“There was no other way of expressing the uncanny, overpowering, ‘demonic’ character of the power of sin, than by seeing this too as a work of Yahweh [God], even if one executed in anger (J. Köberle).”
We thus find a series of human events explicated by Scripture through the notion of psychic invasion.
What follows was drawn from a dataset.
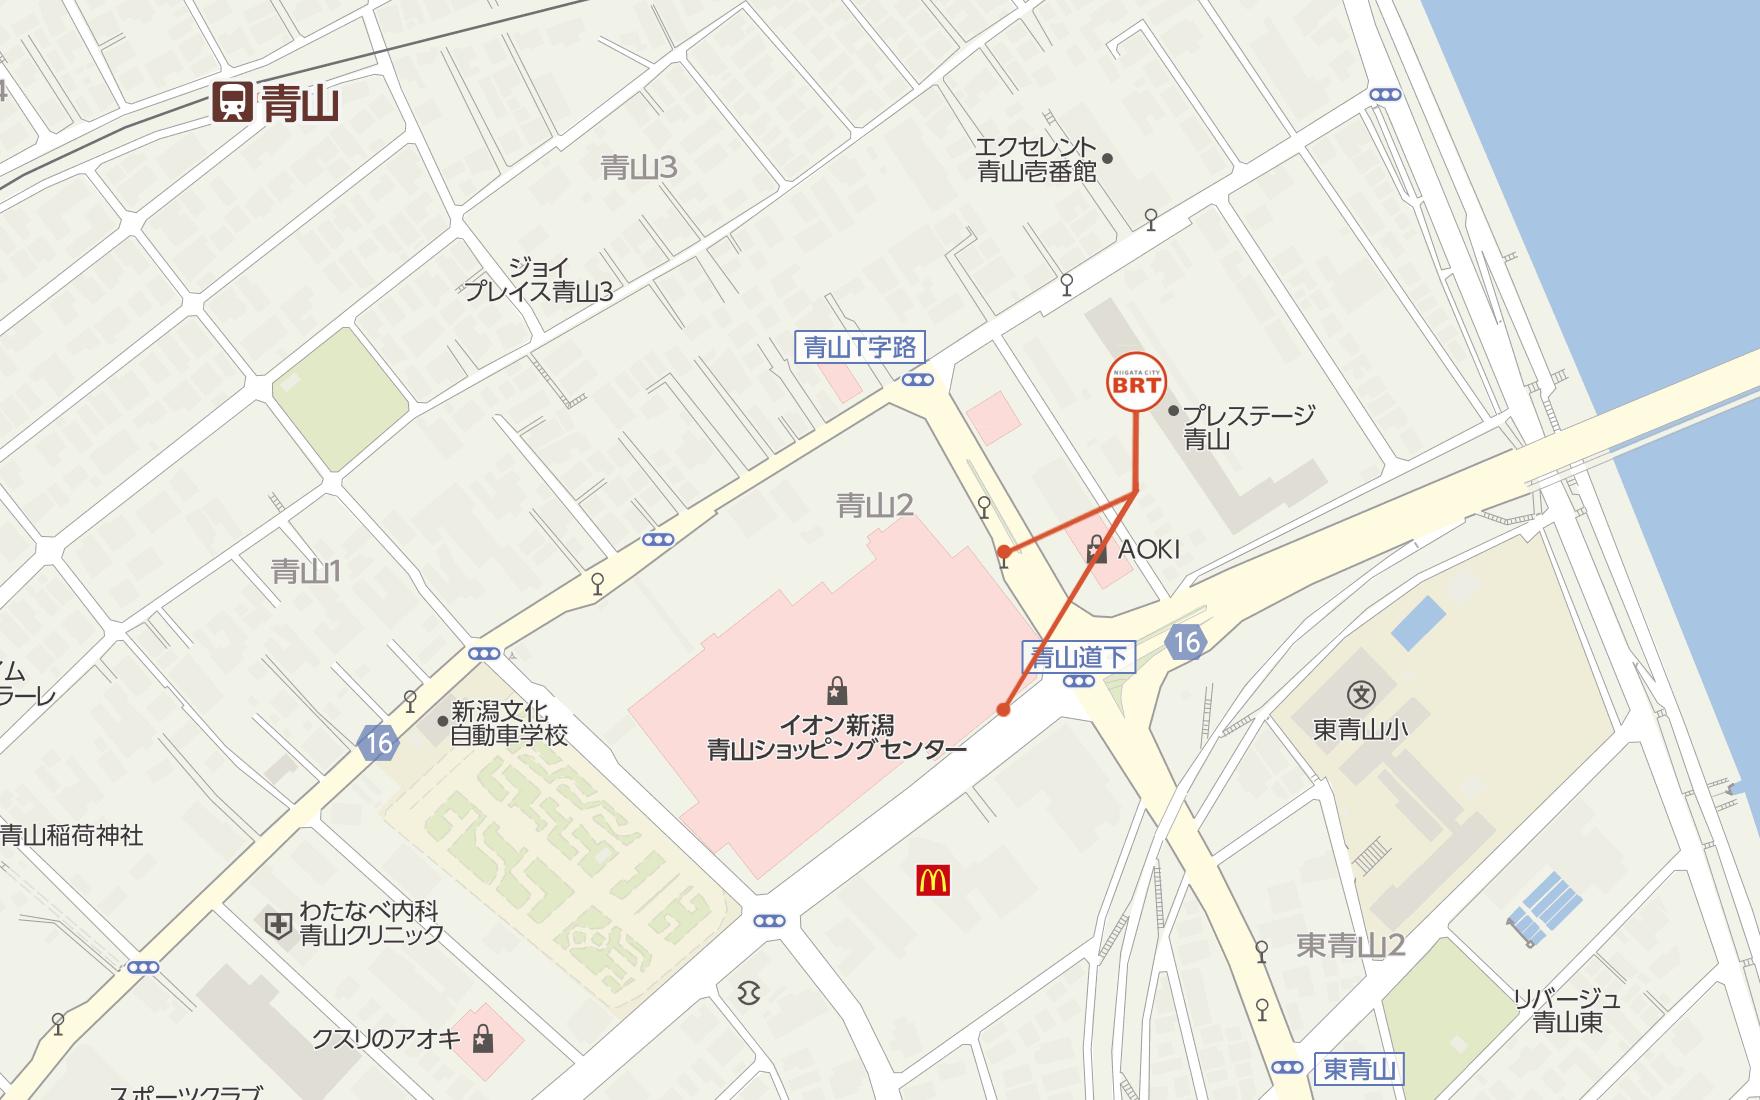 新潟市BRT青山 バス停の位置

God directly intervenes in Pharaoh’s inner deliberations, “hardening his heart” in order to demonstrate his divine might (Exodus 10:1). God also hardens the heart of Sihon, king of the Amorites (Deuteronomy 2:30), and applies the same divine strategy to the Canaanites (Joshua 11:20).
Conversely, God does not permit Abimelech, king of Gerar, to sin with Abraham’s wife Sarah (Genesis 20:6). In an encounter with Saul, David suggests that it may have been the Lord who has incited Saul against him (I Samuel 26:19), and when the Lord’s anger is kindled against Israel, we are told that he incites David to number Israel and Judah (II Samuel 24:1).
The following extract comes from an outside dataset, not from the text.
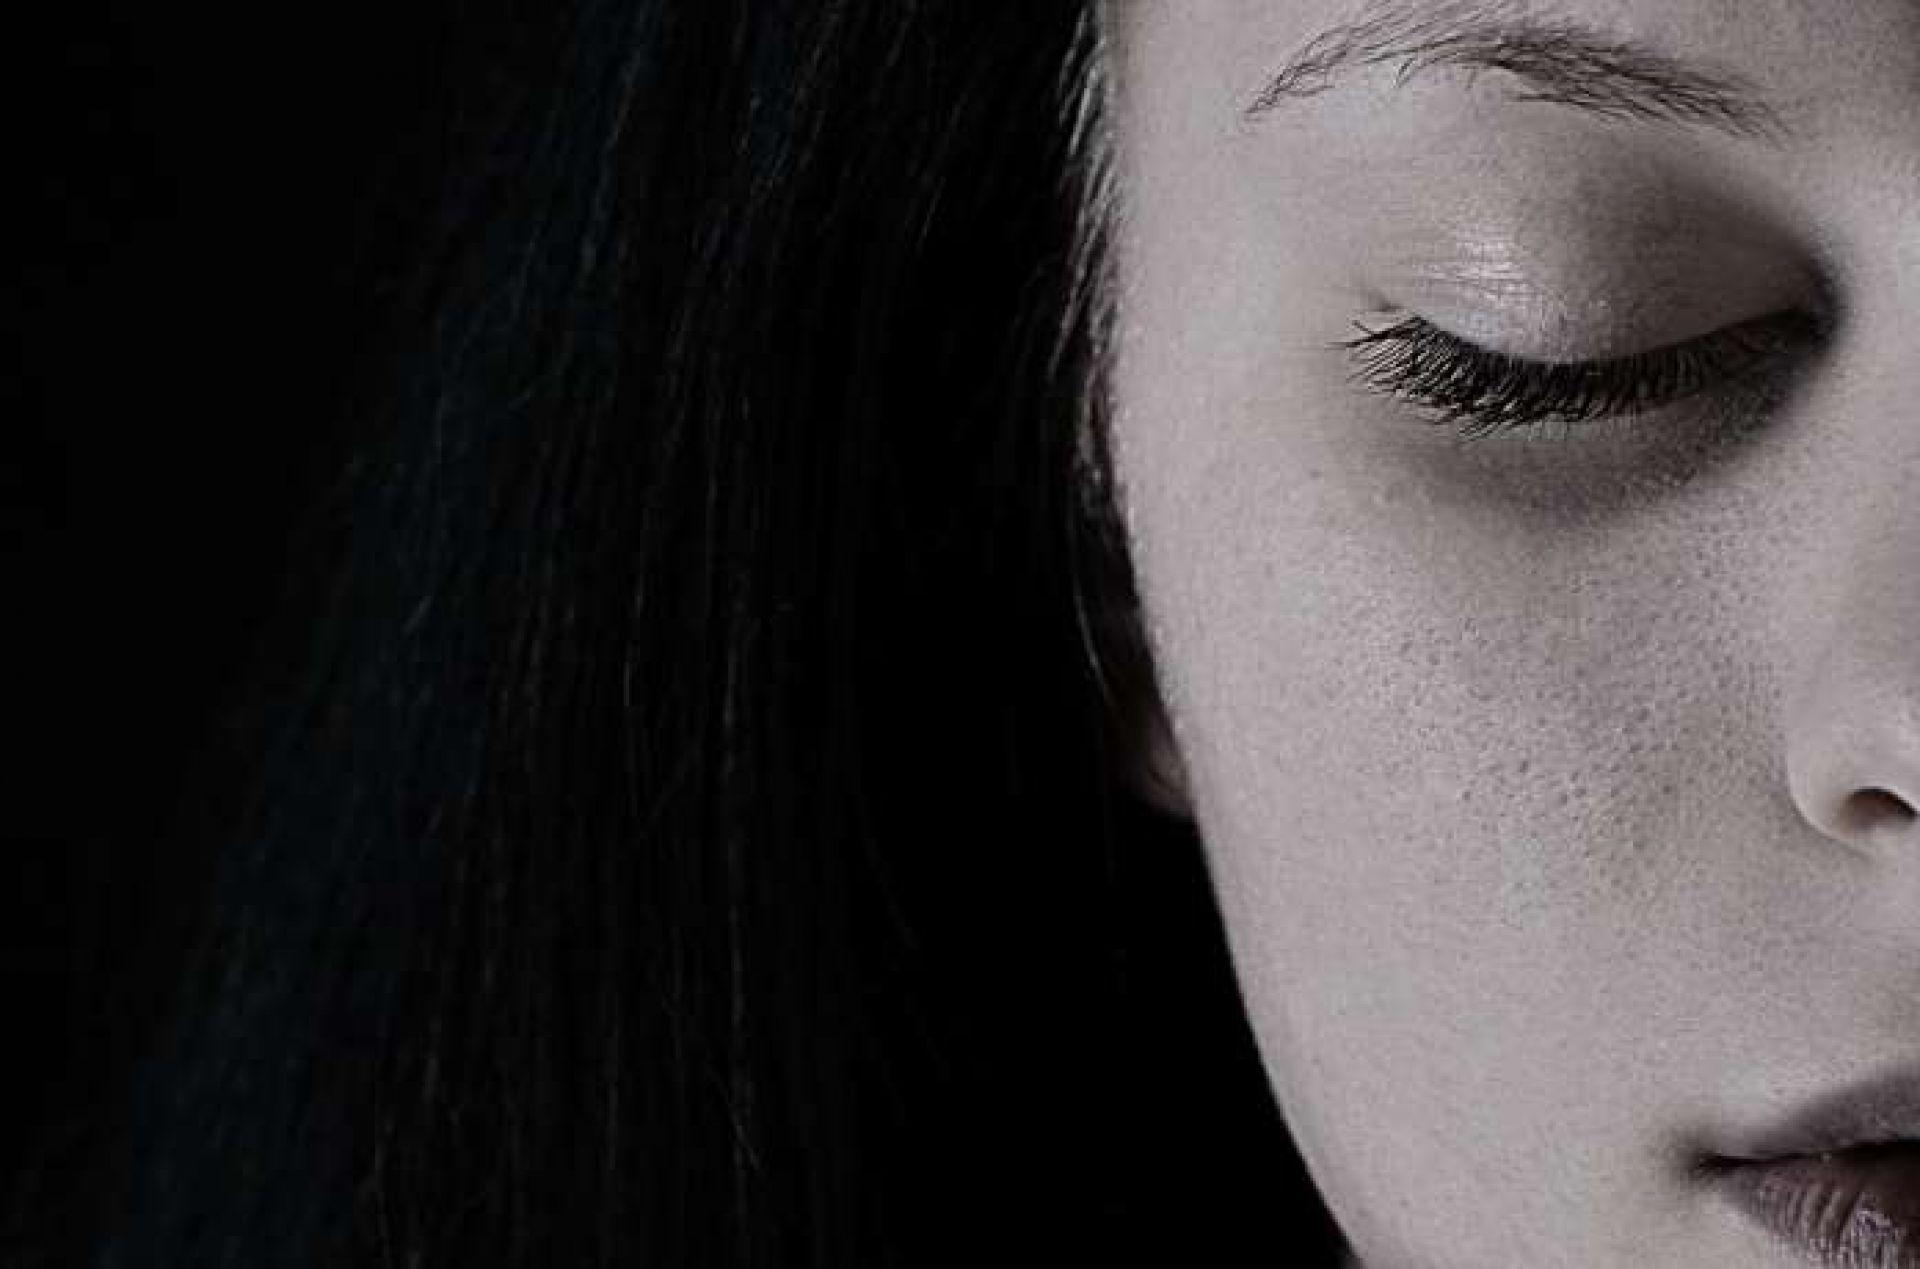 Ύποπτα συμπτώματα που δείχνουν κατάθλιψη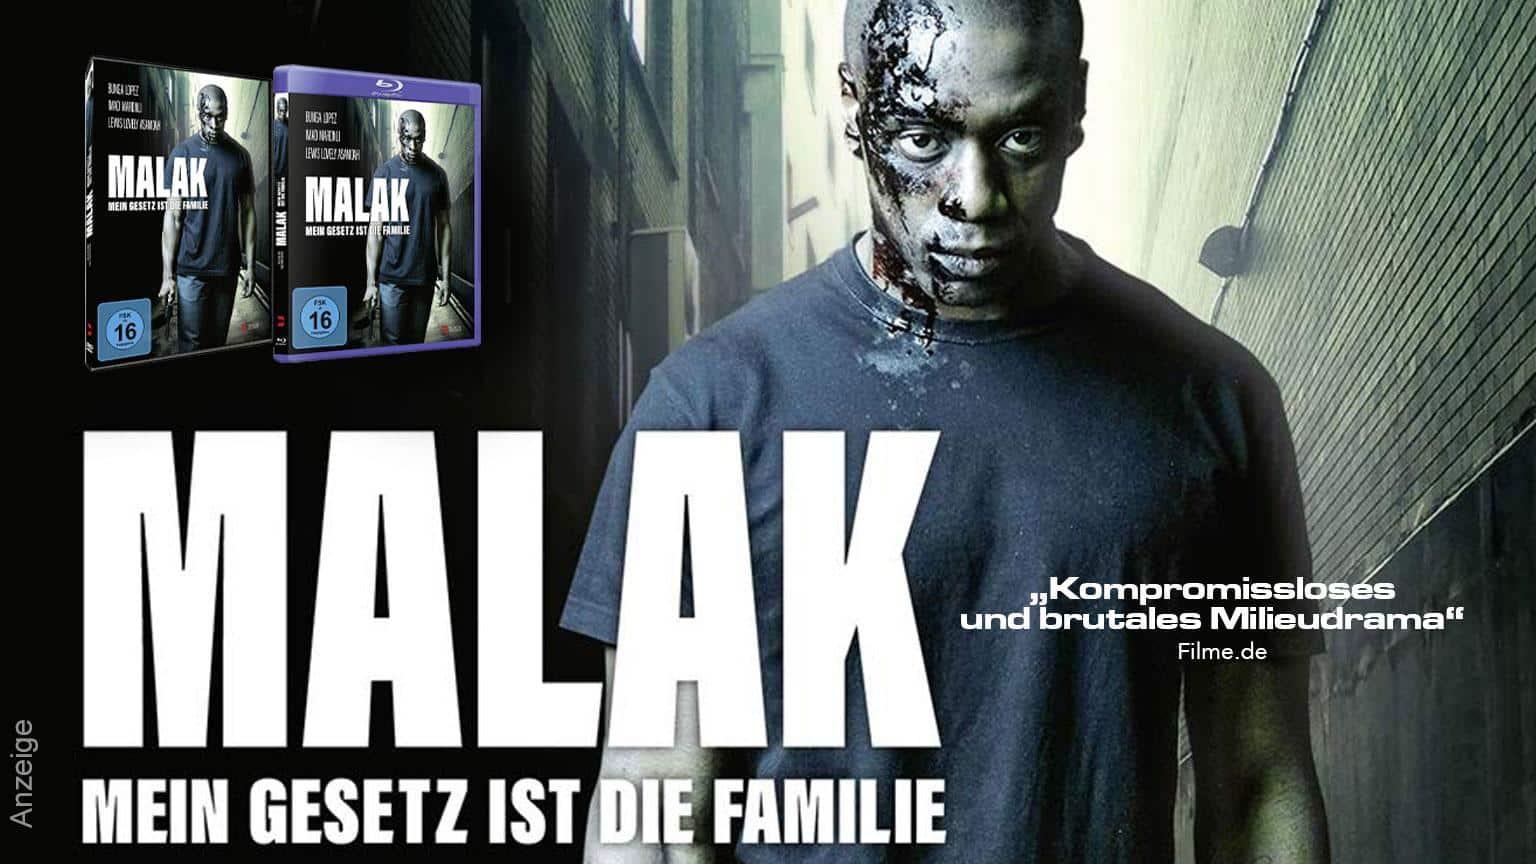 Malak Film 2020 shop kaufen Blu-ray DVD Anzeige

Living With the Contradiction
On the other hand, the Deuteronomist emphasizes the crucial significance of human choice and its consequent culpability when it has gone astray (Deuteronomy 30:19‑20). Nonetheless, Scripture makes no attempt to harmonize the moral freedom of the individual with God’s effective action in all things, but remains content to affirm both.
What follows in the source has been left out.